● **Exercise materials**
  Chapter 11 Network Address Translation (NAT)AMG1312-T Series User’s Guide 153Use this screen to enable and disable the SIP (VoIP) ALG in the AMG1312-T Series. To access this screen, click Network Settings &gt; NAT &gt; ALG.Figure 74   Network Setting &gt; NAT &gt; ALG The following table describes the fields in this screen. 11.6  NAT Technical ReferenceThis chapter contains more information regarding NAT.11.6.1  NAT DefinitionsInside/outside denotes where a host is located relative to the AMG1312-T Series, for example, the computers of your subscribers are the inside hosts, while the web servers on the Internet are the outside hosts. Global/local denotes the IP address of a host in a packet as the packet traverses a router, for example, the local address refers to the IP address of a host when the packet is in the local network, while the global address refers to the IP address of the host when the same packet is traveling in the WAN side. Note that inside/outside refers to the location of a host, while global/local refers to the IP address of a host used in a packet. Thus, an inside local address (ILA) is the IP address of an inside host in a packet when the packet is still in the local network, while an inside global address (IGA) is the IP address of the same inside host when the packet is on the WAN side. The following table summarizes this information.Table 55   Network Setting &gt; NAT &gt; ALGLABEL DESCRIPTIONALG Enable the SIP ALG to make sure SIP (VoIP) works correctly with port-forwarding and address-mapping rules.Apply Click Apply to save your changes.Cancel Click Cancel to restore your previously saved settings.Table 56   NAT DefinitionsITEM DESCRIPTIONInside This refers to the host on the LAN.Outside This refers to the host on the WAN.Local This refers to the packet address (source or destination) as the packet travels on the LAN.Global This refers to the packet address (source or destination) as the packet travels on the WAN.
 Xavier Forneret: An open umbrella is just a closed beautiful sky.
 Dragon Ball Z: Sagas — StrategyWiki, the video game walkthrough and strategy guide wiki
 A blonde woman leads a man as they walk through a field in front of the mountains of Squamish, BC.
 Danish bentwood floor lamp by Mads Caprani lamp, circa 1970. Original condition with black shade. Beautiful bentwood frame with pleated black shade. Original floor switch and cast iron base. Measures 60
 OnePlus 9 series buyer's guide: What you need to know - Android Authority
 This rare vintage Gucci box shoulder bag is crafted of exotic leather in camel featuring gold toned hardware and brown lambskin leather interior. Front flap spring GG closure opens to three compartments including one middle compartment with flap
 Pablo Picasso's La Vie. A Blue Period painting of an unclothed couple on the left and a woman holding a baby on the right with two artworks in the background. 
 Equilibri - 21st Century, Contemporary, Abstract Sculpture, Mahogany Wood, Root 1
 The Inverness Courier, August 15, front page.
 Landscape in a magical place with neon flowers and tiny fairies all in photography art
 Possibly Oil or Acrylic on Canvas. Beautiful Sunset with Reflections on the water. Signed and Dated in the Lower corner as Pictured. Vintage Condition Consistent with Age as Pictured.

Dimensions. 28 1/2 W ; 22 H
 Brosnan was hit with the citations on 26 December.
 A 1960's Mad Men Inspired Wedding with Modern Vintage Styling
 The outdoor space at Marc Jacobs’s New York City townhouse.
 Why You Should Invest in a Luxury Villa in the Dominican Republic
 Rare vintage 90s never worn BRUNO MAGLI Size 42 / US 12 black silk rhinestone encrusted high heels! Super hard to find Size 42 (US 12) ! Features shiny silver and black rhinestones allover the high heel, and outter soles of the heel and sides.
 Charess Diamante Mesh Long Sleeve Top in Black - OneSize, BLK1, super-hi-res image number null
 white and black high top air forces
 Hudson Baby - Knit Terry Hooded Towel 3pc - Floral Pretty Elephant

● **Instructions for the task**
Transcribe the lines above between the line holding "Landscape in a" and the line holding "white and black high top air forces", inclusive, exactly as they stand and with nothing added.

● **Output**
 Landscape in a magical place with neon flowers and tiny fairies all in photography art
 Possibly Oil or Acrylic on Canvas. Beautiful Sunset with Reflections on the water. Signed and Dated in the Lower corner as Pictured. Vintage Condition Consistent with Age as Pictured.

Dimensions. 28 1/2 W ; 22 H
 Brosnan was hit with the citations on 26 December.
 A 1960's Mad Men Inspired Wedding with Modern Vintage Styling
 The outdoor space at Marc Jacobs’s New York City townhouse.
 Why You Should Invest in a Luxury Villa in the Dominican Republic
 Rare vintage 90s never worn BRUNO MAGLI Size 42 / US 12 black silk rhinestone encrusted high heels! Super hard to find Size 42 (US 12) ! Features shiny silver and black rhinestones allover the high heel, and outter soles of the heel and sides.
 Charess Diamante Mesh Long Sleeve Top in Black - OneSize, BLK1, super-hi-res image number null
 white and black high top air forces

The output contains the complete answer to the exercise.